El prestigio de los jueces
Al final lo que queremos es que un juez decida por sí mismo, sin influencia de nadie, determinando correctamente los hechos y aplicando acertadamente el Derecho
Jordi Nieva-Fenoll
Catedrático de Derecho Procesal de la Universitat de Barcelona.
Algunos jueces intervienen en las redes sociales exhibiendo ideología, realizando comentarios en un tono coloquial, irónico, sarcástico o hasta irrespetuoso. También los vemos en los medios de comunicación hablando de su trabajo, y hasta protagonizando noticias de la prensa rosa o de la crónica de sucesos. En las últimas décadas ha habido incluso jueces encarcelados.
También se han visto tránsitos de la función judicial a la abogacía, o también a cargos políticos. Agotado el cargo –o la vocación de abogado–, vuelven a la judicatura pese a haber quedado ya marcados con una vinculación profesional o ideología determinada y, por tanto, con su independencia comprometida, aunque también hay casos de jueces que ostentan cargos públicos designados por un partido influyente, pasando después a otro partido de ideología incluso contraria con sorprendente habilidad. De hecho, hasta se inscriben una buena parte de ellos en asociaciones que la prensa califica sin pestañear de “progresistas” o “conservadoras”.
También aceptan algunos la impartición de conferencias en los más diversos foros, algunos ideológicamente muy sesgados y otros muy identificados en el ámbito económico y empresarial, siendo en ocasiones bastante bien pagados y generosamente agasajados. El problema es que no pocas veces, las empresas que organizan esos eventos tienen casos pendientes en los tribunales en los que sirven esos magistrados. En esos eventos, además, se conoce a muchas personas, se hacen amigos, se compadrea y hasta se pueden crear círculos de influencias que actúan como pequeñas sociedades secretas.
La enorme mayoría de todo lo anterior es minoritario -aunque muy llamativo- y no tiene grandes inconvenientes legales. Cuestión diferente es, primero, si esas leyes desarrollan correctamente el concepto de independencia judicial que establece el artículo 117 de la Constitución, y que supone que los jueces estarán al margen de cualquier influencia que les provoque afecto, odio o miedo. El concepto es muy próximo –o idéntico, si se estudia con la debida profundidad– al de imparcialidad. Al final lo que queremos es que un juez decida por sí mismo, sin influencia de nadie, determinando correctamente los hechos y aplicando acertadamente el Derecho, respetando los derechos fundamentales.
Todo lo referido no menoscaba siempre la independencia. Al contrario, alguna de esas actividades –participación en redes o medios– puede ser hasta benéfica en términos de divulgación del saber jurídico. Sin embargo, es peligroso que alguna de esas actividades sea, como he dicho, “llamativa”, o al menos cuestionable. Si a un mago se le descubren sus trucos, no puede seguir actuando porque ya nadie acude a verlo.

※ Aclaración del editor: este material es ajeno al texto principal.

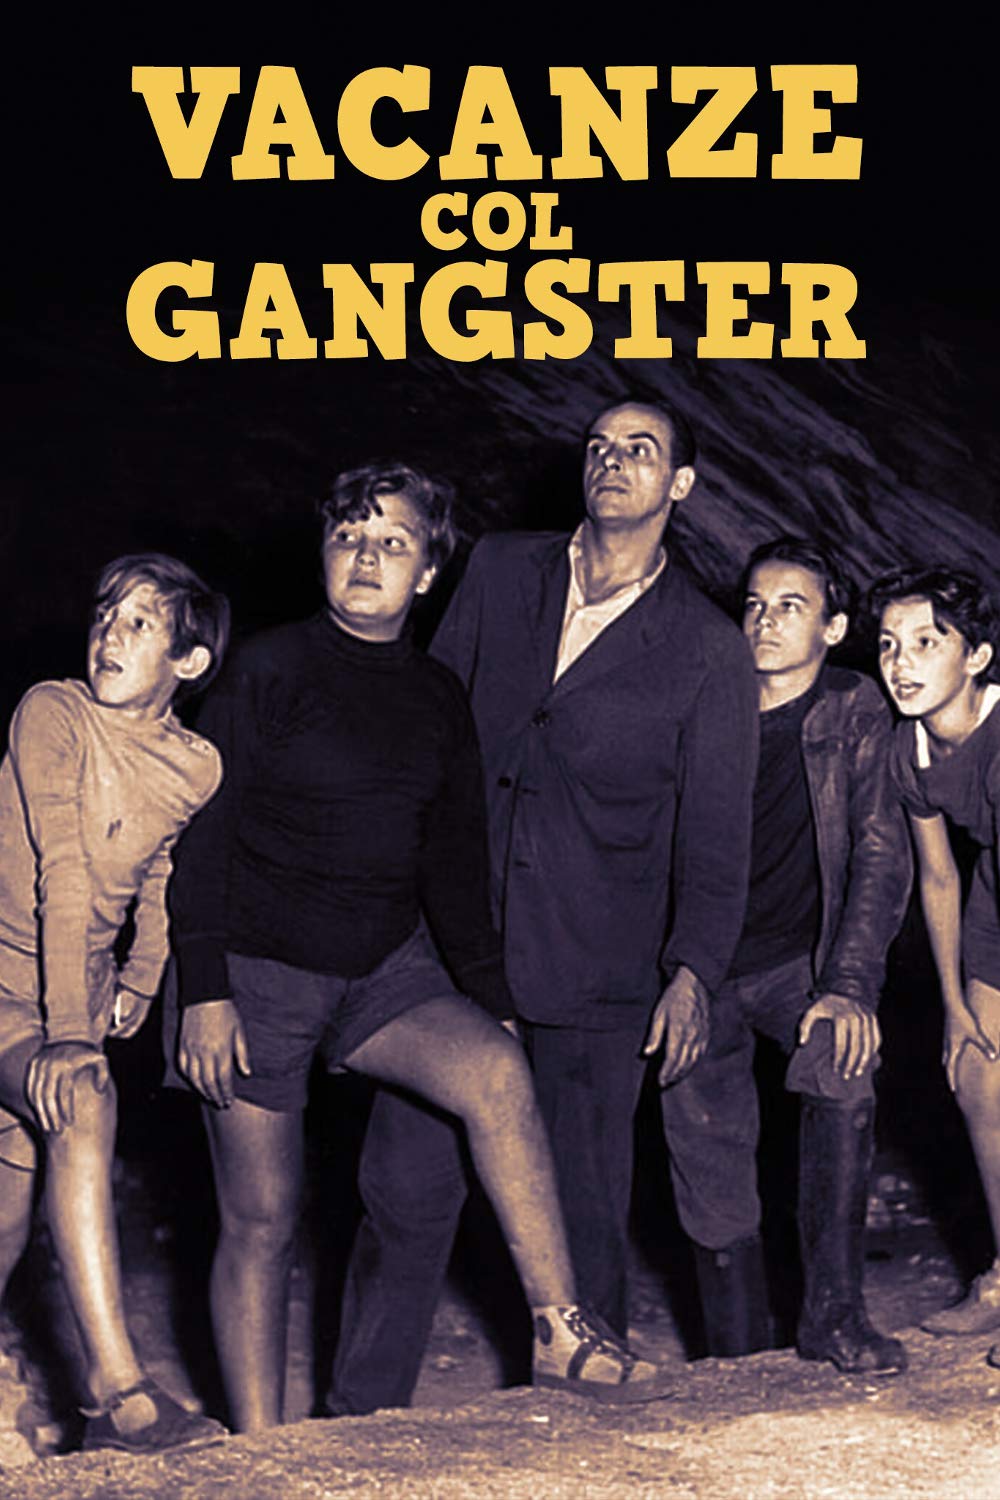 Vacanze col gangster [B/N] (1952)

Y es que aunque cueste creerlo, la figura del juez tiene algo de mágico, si me permiten –sobre todo los jueces– la comparación. Nadie recuerda ya que en su origen un juez fue un miembro de la comunidad que traía a los humanos la “justicia”, que emanaba de la divinidad. Es posible que lo que digo sucediera por primera vez hace unos 7.000 años en alguna de las culturas que luego nos han sido más influyentes. En aquel tiempo, los humanos de la época creían, no solo que los jueces podían adivinar quién mentía y quién decía la verdad en un proceso, sino que además decidiría justamente con ese refrendo divino, tantas veces síntesis de la opinión de la propia comunidad al respecto del caso. Aquello no tenía nada de científico. Todo era retórica, tradición e intuición.
Probablemente no sean conscientes de que en esto no hemos cambiado tanto. A la Justicia le falta muchísimo método científico todavía, lo que está suponiendo un problema gravísimo para impulsar en su ámbito la inteligencia artificial, por cierto. Esas creencias en la capacidad adivinatoria y justiciera del juez siguen existiendo en gran medida, y son, sin duda, las que -aún- sustentan el respeto social por los jueces. Si esos juzgadores no actúan en sociedad con cierta prudencia, la gente percibe que son vulgares seres humanos, víctimas de todo tipo de vicios y defectos.
Al menos mientras la ciencia siga luchando trabajosamente por abrirse camino en el mundo de la Justicia –ya sería hora–, sería positivo ser prudentes y no decepcionar al respetable. El oficio está en juego.